If we believe stress is going to hurt us, it is more likely to hurt us

The long shadow cast by decades of one-sided, propaganda-laced stress research has led many of us to believe that stress is a direct cause of heart attacks. But the British Heart Foundation's website clearly states, "There is no evidence to suggest that stress causes coronary heart disease or heart attacks." Nor does it cause stomach ulcers: a bacterium called H. pylori does that.

Yet the tobacco-funded researchers didn't get it all wrong. Stress does have clear causal links to some diseases, particularly mental illnesses including depression, anxiety disorders, schizophrenia and addictive behaviour. High stress levels do appear to be a general risk factor for early death, particularly for middle-aged men. Moreover, we all know how unpleasant stress can be. From insomnia to binge eating and boozing, we respond to stress with all sorts of counterproductive and antisocial behaviours. And that's partly why the tone of messages we hear about stress matters so much. Humans are inherently suggestible and particularly vulnerable to warning messages about our health, especially when those messages seem to be backed by science.

With mice in a cage, you can measure the tipping point – the precise current of the electric shock – where good stress becomes bad.

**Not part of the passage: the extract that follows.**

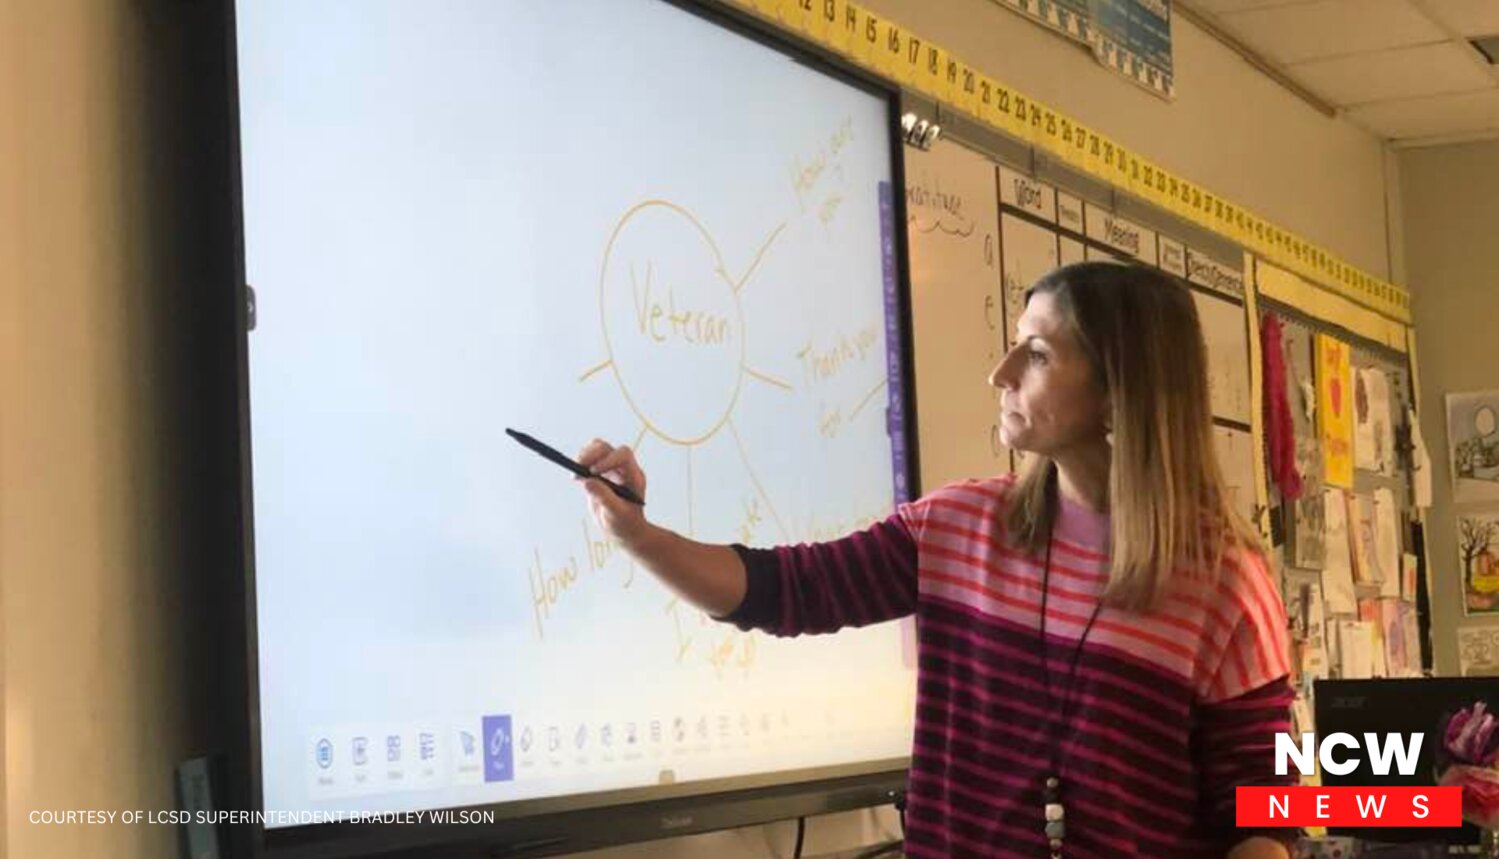 Morgan Owings Elementary 4th grade teacher Kristin Nelson records student “word web” input utilizing new Onescreen Touchscreen addition.

You can see how many weeks of stress cause adrenal glands to enlarge and immune systems to wither. But when it comes to humankind, we don't need the lurking menace of a lion in the long grass to activate our stress response. We can do it perfectly well for ourselves. All it takes is a negative thought, the memory of an insult, or a vague feeling of unease.

So, we can think our way into stress. And, as recent evidence shows, if we believe stress is going to hurt us, it is more likely to hurt us. This is one message emerging from the Whitehall II project, a long-term study of 10,000 UK government civil servants, set up in 1985 to study the social, economic and personal determinants of health and disease. A 2013 analysis of Whitehall II data concluded that people who believe stress adversely affects their health are more than twice as likely to suffer a heart attack, regardless of the amount of stress they appear to be under.

There is a flipside to this gloomy news, though. If our thoughts and beliefs can switch on a damaging stress response, mightn't they also switch it off? Could the power of suggestion be a partial vaccination in the battle against the stress epidemic? This is the contention of Alia Crum, an ambitious young psychology professor at Stanford University.

Crum is a flagbearer for the on-trend science of mindset manipulations. In 2007 she showed that if hotel chambermaids come to think of their work as exercise, they lose weight and their blood pressure falls, apparently without working any harder. And in 2011 Crum showed that if we consume a healthy snack dressed as a calorie-laden indulgence, the power of belief dupes our hormonal appetite system into feeling sated.

More recently she turned her attention to our core beliefs about stress. Crum's unlikely collaborators were 388 employees of UBS bank, in the aftermath of the 2008 financial crisis. This was a time of turmoil, layoffs and uncertainty at the firm. Stress was rife. Crum wanted to know how these overworked bankers thought about stress and whether she could change their convictions.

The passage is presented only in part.